Vessels as large as cruise ships can naturally and quickly consume a great amount of resources, and leave behind a great deal of waste if operators are not careful. Securing boat insurance that works the best for you might include sizable pollution coverage, or at least get your operators thinking about the effect that their operating habits may have on the environment and the larger perception of the company overall.

The environmental activist group Friends of the Earth has just published its 2013 "report card" of 16 cruise line companies that operate worldwide, assessing them for adherence to earth-friendly practices and determining how they stack up against the best possible practices for maintaining clean air and water.

Famous cruise companies like Carnival, Princess and Royal Caribbean International were ranked based on their performance in these areas and then given one overall "grade" for their policies.

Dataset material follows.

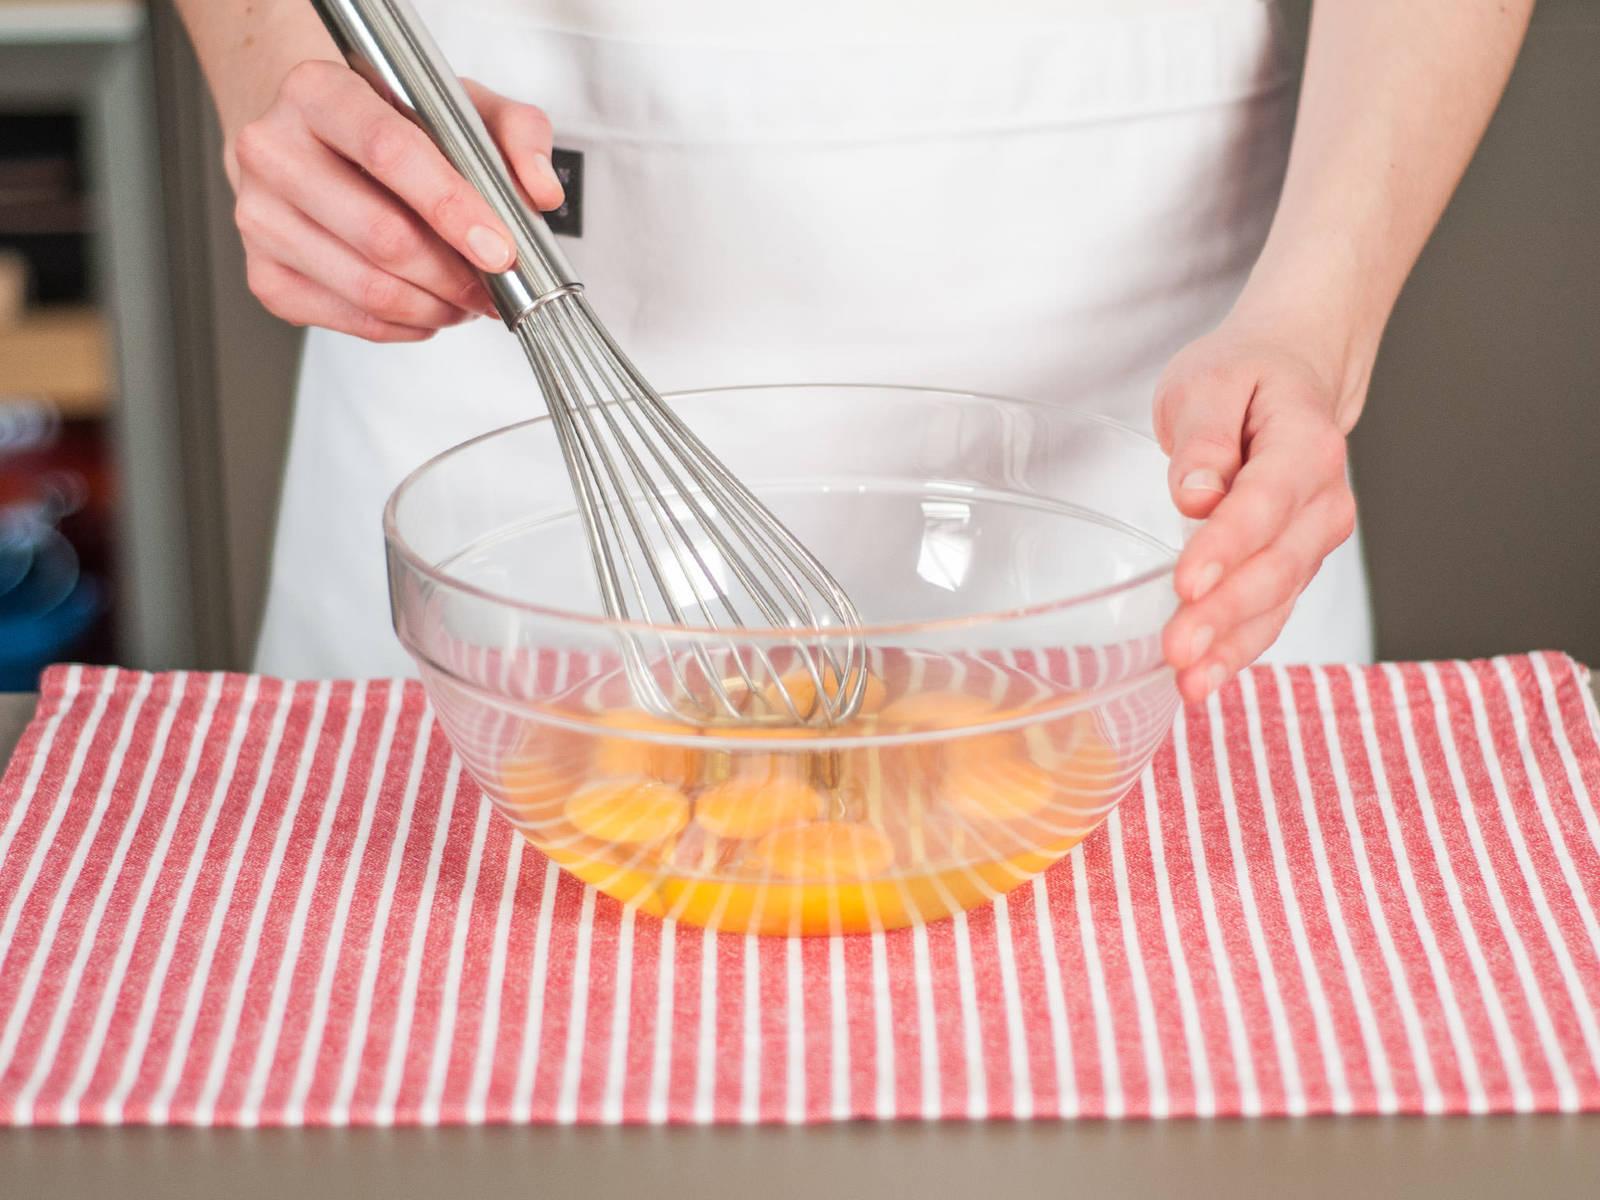 将鸡蛋打入大碗中,搅打均匀,加盐和胡椒粉调味后备用。

The results showed some interesting disparities: Royal Caribbean was awarded an A for the way it handled its sewage, but an F for its air pollution reduction, giving it a C total. 

At the top of the list was Disney Cruise line, which not only scored almost straight As, but also exhibited an improvement over its ranking in the previous year.

It's not just special interest groups that could be looking closely at the impact your vessels have on the ocean: any pollution left behind could result in a string of different incidents requiring strong coverage. A boat insurance broker with special packages that cover this area might be in your best interest if these are the sort of risks your fleets might encounter.